I thought calories were the whole story. They weren’t.
I’ve always had a slightly annoying relationship with food tracking. If I count calories, I get obsessive. If I don’t track anything, I somehow turn into a raccoon near chips at 10 p.m.
So I tried something simpler: for 2 weeks, I tracked my meals בלי counting calories. No calorie apps, no numbers, no “good” or “bad” food labels. Just what I ate, when I ate it, and how I felt before and after.
And honestly? It taught me way more than calorie counting ever did.
What I tracked instead
I kept it stupid simple. For every meal and snack, I wrote down:
- What I ate
- What time I ate
- How hungry I was before eating
- How full I felt after
- My energy 1-2 hours later
- Any cravings later in the day
That’s it. No weighing food. No scanning barcodes. No trying to become a nutrition detective.
I used Trider (myhabits.in) because it made the whole thing feel like a habit instead of homework. And that matters more than people think. If a system feels annoying, you won’t stick with it. Period.
I was eating way more on autopilot than I realized
This was the first slap in the face.
I’m not someone who binges in an obvious way. But when I tracked meals, I noticed I was eating half-meals all day long—coffee, a biscuit, a handful of nuts, a “tiny” snack, then lunch, then another snack, then dinner, then something sweet because “why not.”
None of it felt huge in the moment. But together? It added up to a chaotic grazing pattern.
And that’s the thing calorie counting didn’t show me. It made me focus on totals. Meal tracking showed me the pattern.
I learned that I don’t just need “less food.” I need more structure.
What helped
- Eating 3 real meals instead of random nibbling
- Deciding snack times in advance
- Making breakfast either actually filling or skipping it intentionally, not accidentally
That one change made my whole day calmer.
Protein and fiber changed everything
I used to assume hunger was mostly a willpower issue. Nope. A lot of it was just meal composition.
On days when I had meals with decent protein and fiber, I stayed full way longer.

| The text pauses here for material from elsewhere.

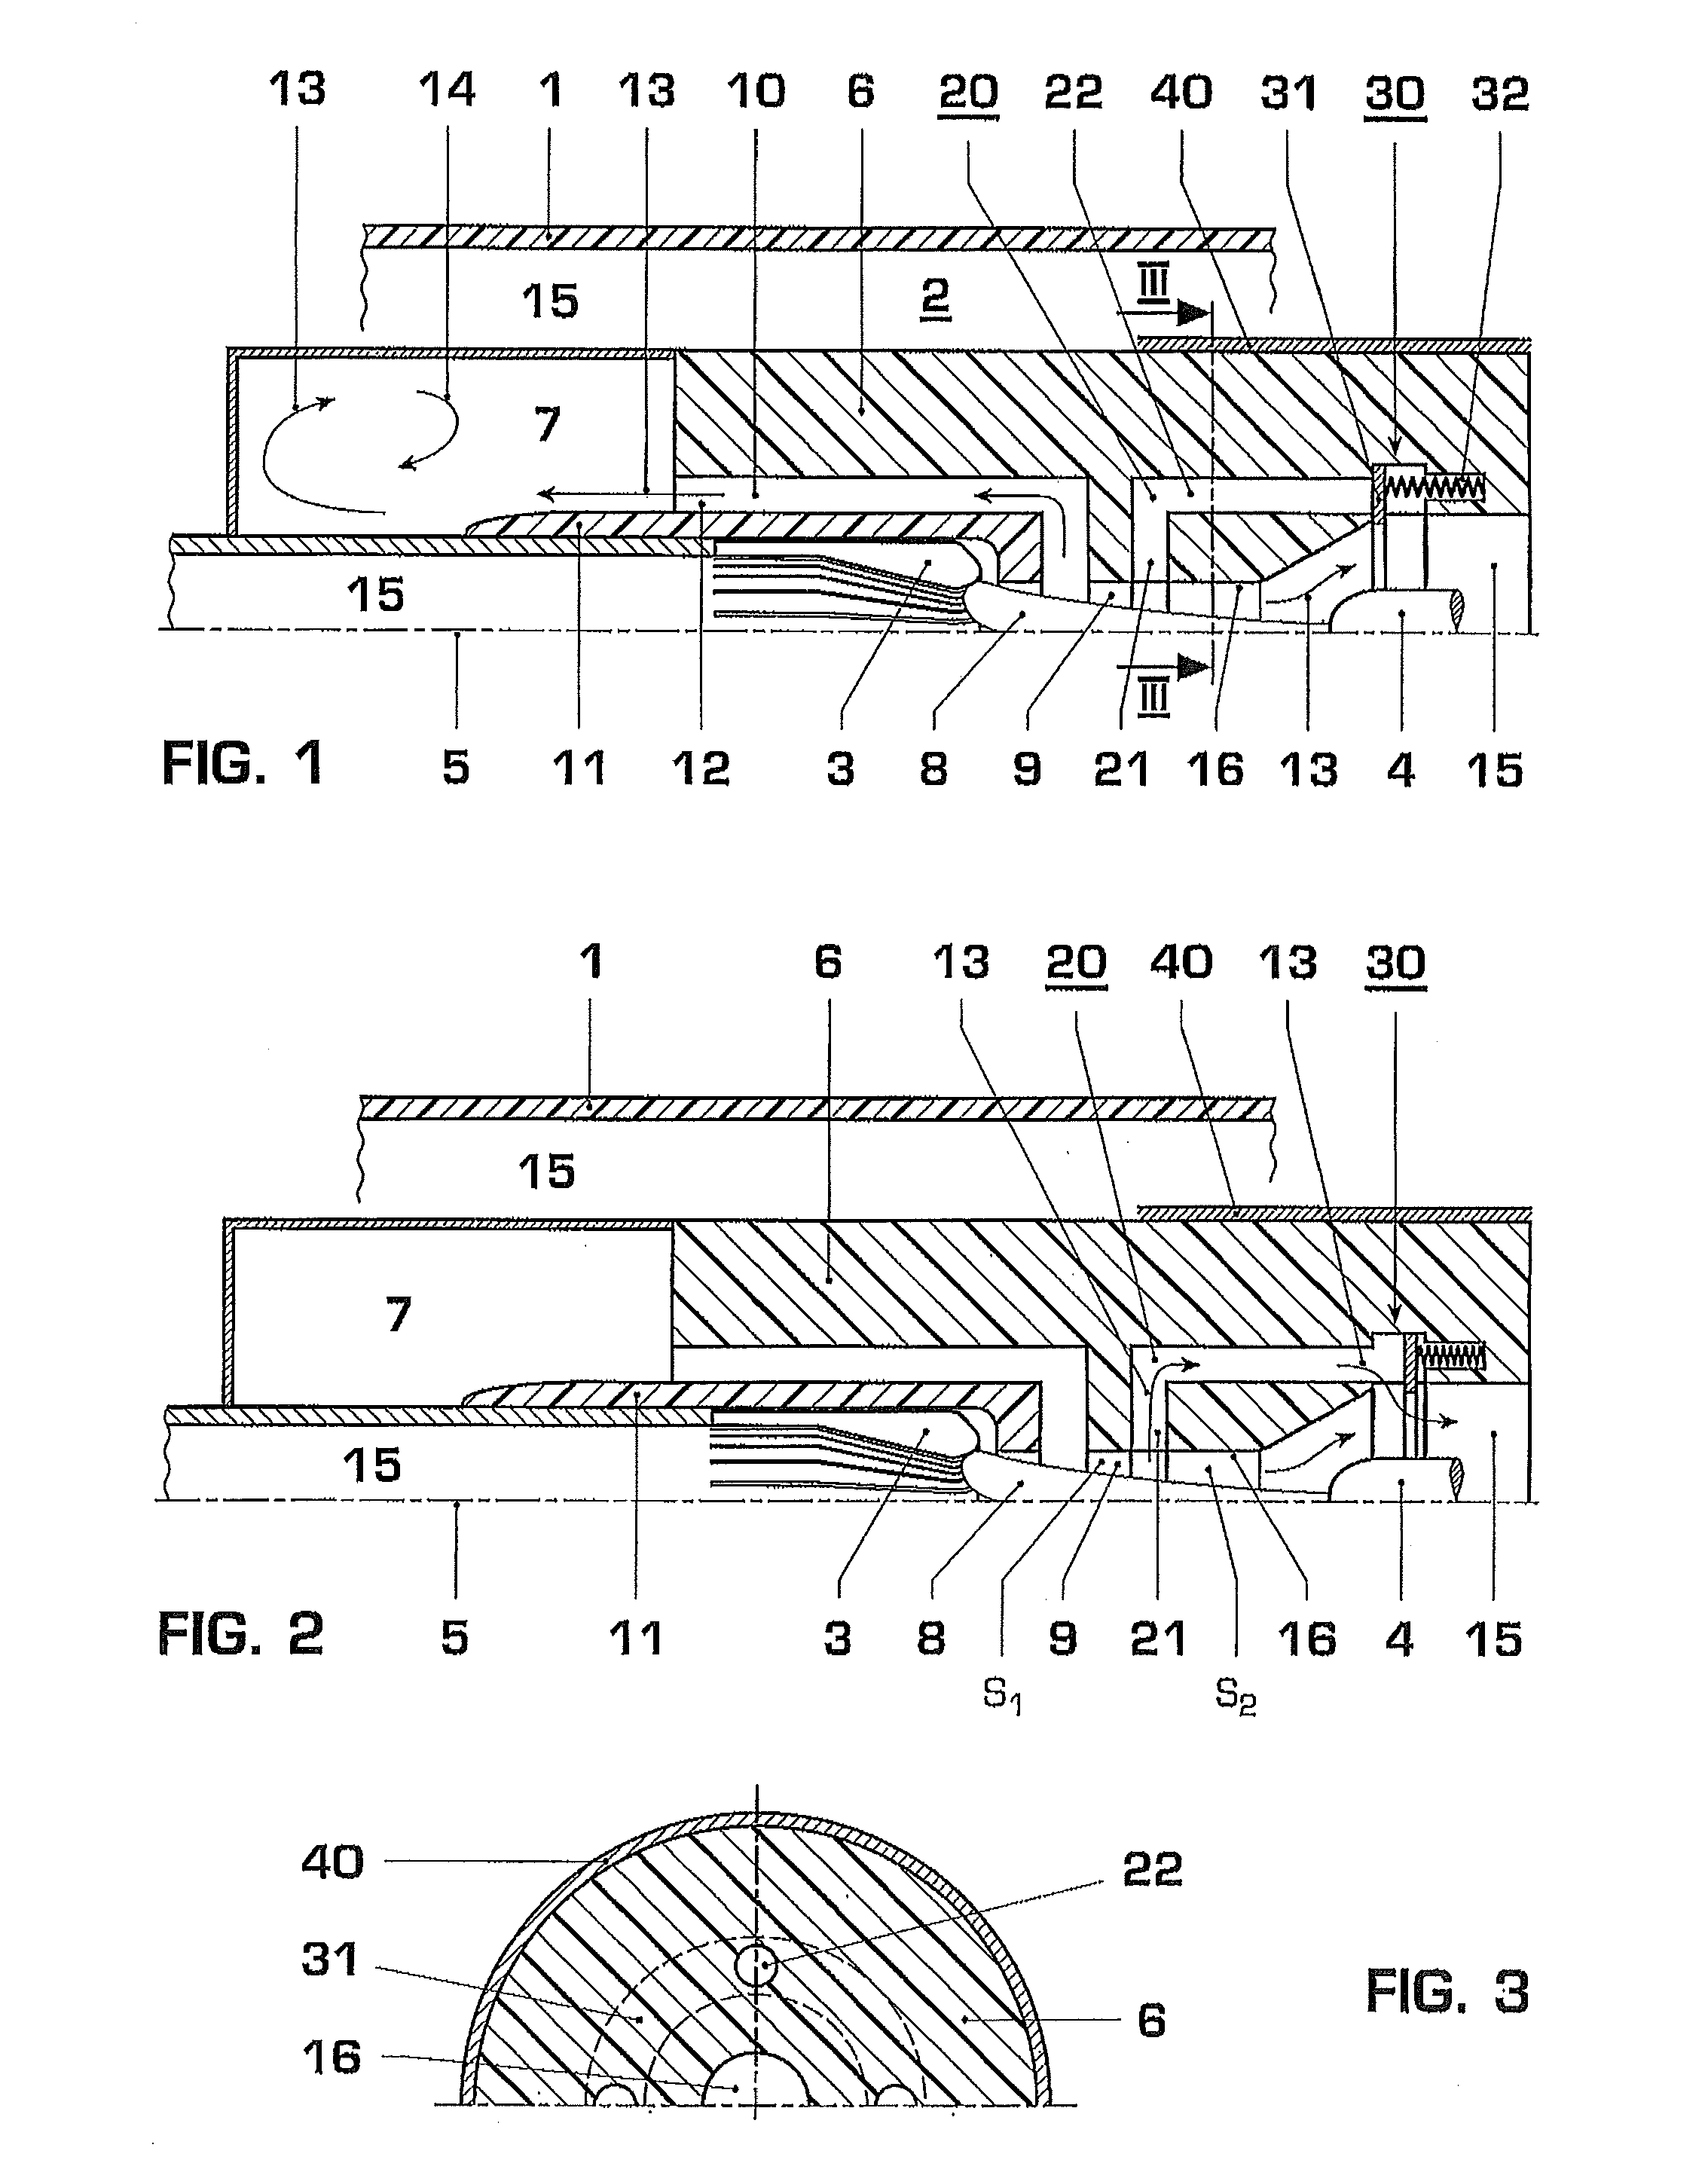 Gas-insulated high-voltage circuit breaker with a relief duct which is controlled by an overflow valve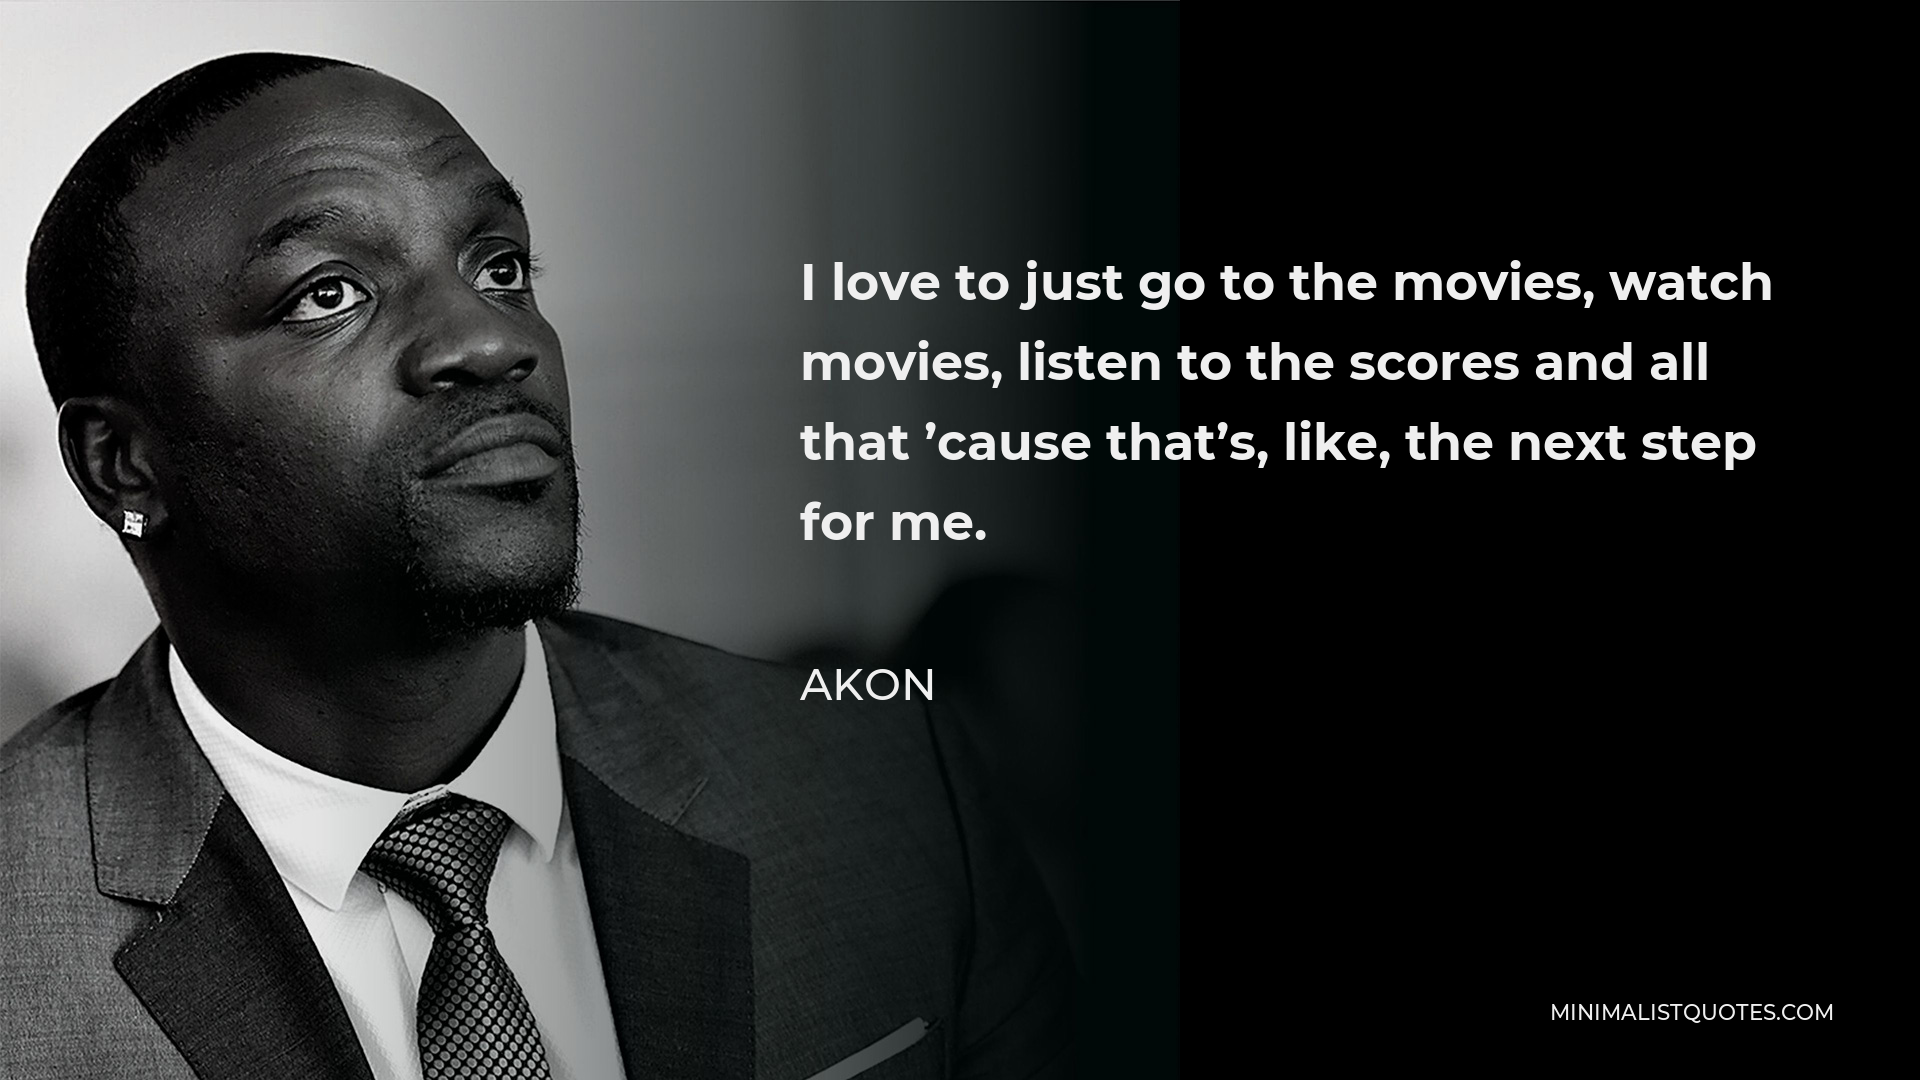 Akon Quote: I love to just go to the movies, watch movies, listen

On days when lunch was mostly carbs, I was hunting for snacks by 4 p.m. like it was a competitive sport.
A few examples from my tracking:
- Eggs + toast + fruit kept me steady for about 4 hours
- A plain sandwich and chips had me hungry again in 90 minutes
- Greek yogurt + berries + nuts was weirdly powerful
- Pasta without much protein made me sleepy and snacky
So yeah, I stopped asking, “How many calories is this?” and started asking, “Will this keep me satisfied?”
That question is way more useful in real life.
Easy upgrades I started using
- Add one protein source to every meal
- Add one high-fiber food every day
- Build plates around eggs, yogurt, chicken, tofu, beans, lentils, fruit, veggies, oats
Not glamorous. Very effective.
My energy crashes were basically self-inflicted
This part annoyed me the most.
I thought my afternoon slump was just life. But after 2 weeks of tracking, I saw a pattern: the worst energy crashes happened after meals that were heavy on refined carbs and light on protein or veggies.
So if I had something like white bread + sweet coffee + a snack bar, I’d be foggy later. If I had a more balanced lunch—protein, carbs, fat, fiber—I felt like a human being instead of a sleepy goldfish.
I also noticed that eating too little at breakfast made me overeat later. Not dramatically. Just enough to keep me in that annoying “never quite satisfied” zone.
My fix
- I stopped treating breakfast like an optional apology
- I added protein to lunch on purpose
- I paid attention to how I felt 2 hours later, not just immediately after eating
That last one was huge. A meal can look “healthy” and still leave you dragging.